The impact aggravated a neck injury sustained when he got the first concussion during the 2009-10 season.

“If you took out a concussion symptoms chart I was feeling pretty much all of them,” said Chucko, a native of Burnaby, B.C. “Dizziness, vision, sensitivity to light, sensitivity to sound, nausea, sickness — you can go right down the list to the very bottom, other than memory.

“On the second hit my neck just deteriorated, I can't lift a heavy bag of groceries yet, so I'm not working out or lifting weights cause I get these shooting pains down the back of my neck and it's pretty uncomfortable.”

Chucko played in two career NHL games, both with the Flames, during the 2008-09 season.

He also spent two seasons with the Flames' former AHL affiliate in Quad Cities, Ill., and one with the Omaha Ak-Sar-Ben Knights.

“I'd miss (hockey), if I was completely healthy,” Chucko said. “I always say if I had knee surgery this summer and I wasn't playing hockey, I would miss it like heck. There's a lot that I miss — I miss competing, being with the guys doing all that stuff. (However), I don't miss having the headache every day and I don't miss wondering if I'm ever going to get better.
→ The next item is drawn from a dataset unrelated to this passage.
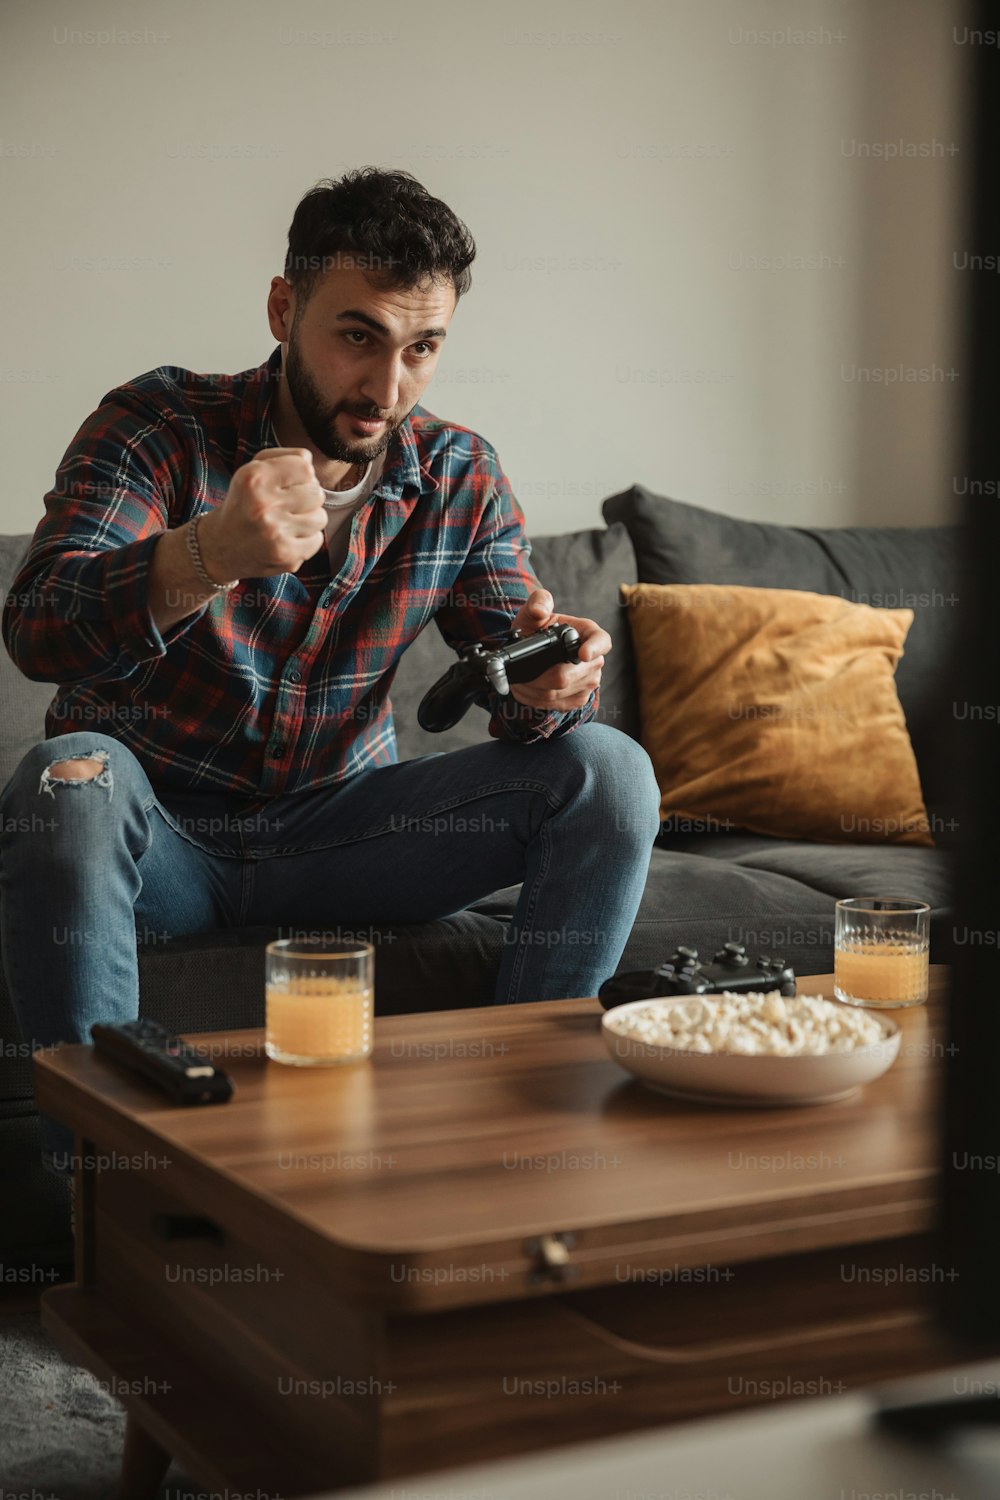 a man sitting on a couch holding a remote control

I don't miss worrying about my health.”

Chucko returned to the ice late last season skating on his own with the lights turned down at the Abbotsford Entertainment and Sports Centre.
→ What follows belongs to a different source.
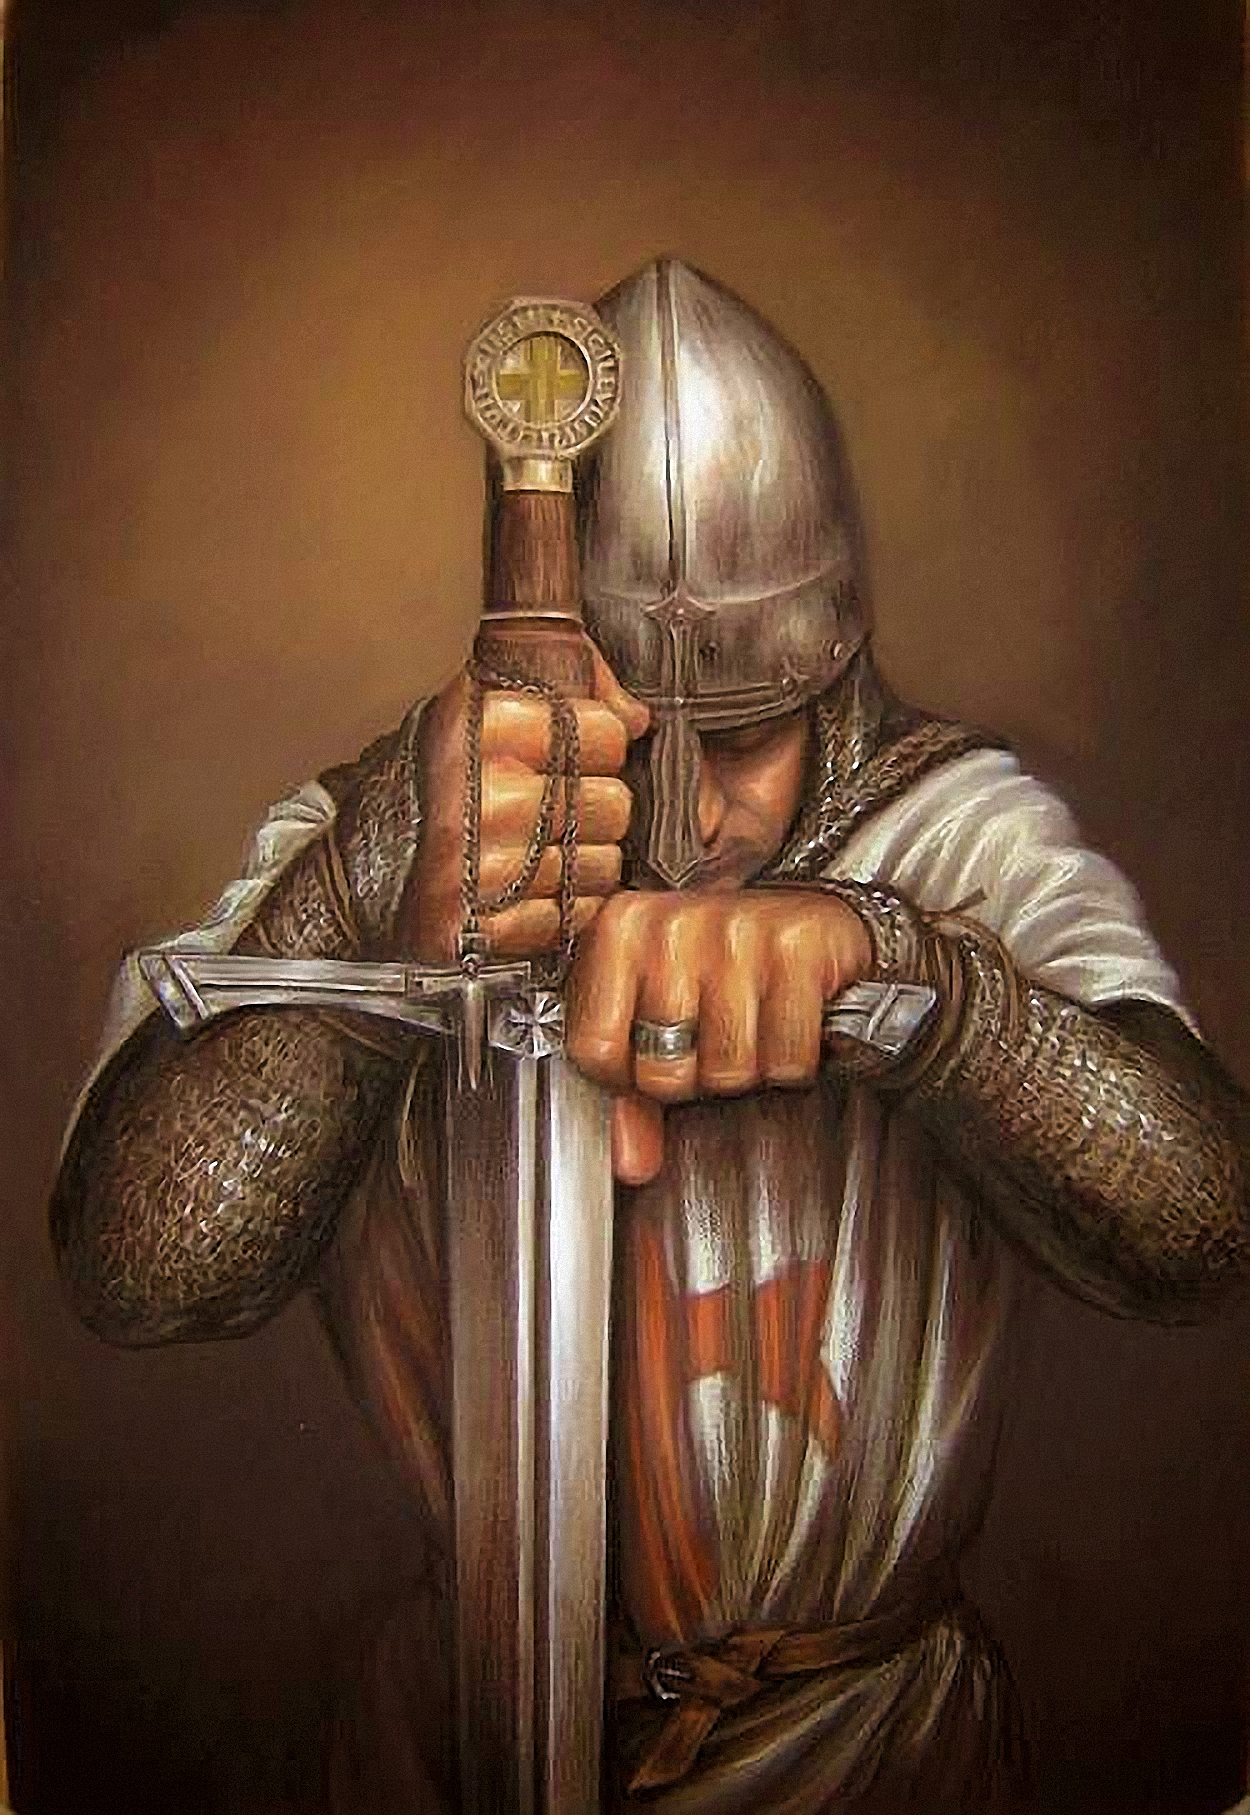 Knights Templar Order - Defenders of the Church.

“It was around the end of the season, I wanted to see how it went,” he said. “But I got the concussion in October and then February and March, I still had headaches basically every day. It got to a point where I had thought about what was next obviously cause I wasn't sure if it was ever going away.”

Chucko admits the research conducted at Boston University — which revealed three former NHLers (Rick Martin, Bob Probert and Reggie Fleming) all suffered from chronic traumatic encephalopathy (CTE), a disease known to cause cognitive decline, behavioural abnormalities and dementia as a result of head trauma — helped him make his decision.

“Obviously it's not something you want,” he said. “I hope that I stopped early enough, I guess. That was part of my thought, I love hockey, but I love life too.”

After two seasons with the Salmon Arm Silverbacks of the BCHL, Chucko accepted a scholarship to the University of Minnesota. In 76 games, over two seasons, the right-winger had 14 goals and 34 points before turning pro in 2006-07.

Chucko, who married longtime girlfriend Lauren in the summer, has since returned to the University of Minnesota to resume his business management degree, which he hopes to complete by September 2012.

As for what's after that, he's still uncertain.

“When you're playing hockey, you always know there's going to be life after hockey, but you don't really plan for it, especially at 25,” said Chucko.

“The nice part about being in school is I'm not jumping into a job where I might not enjoy so I have this year and a half to kind of really understand what I like, find out what excites me and I got to find whatever passion I had for hockey, I got to find something that I feel the same way about.”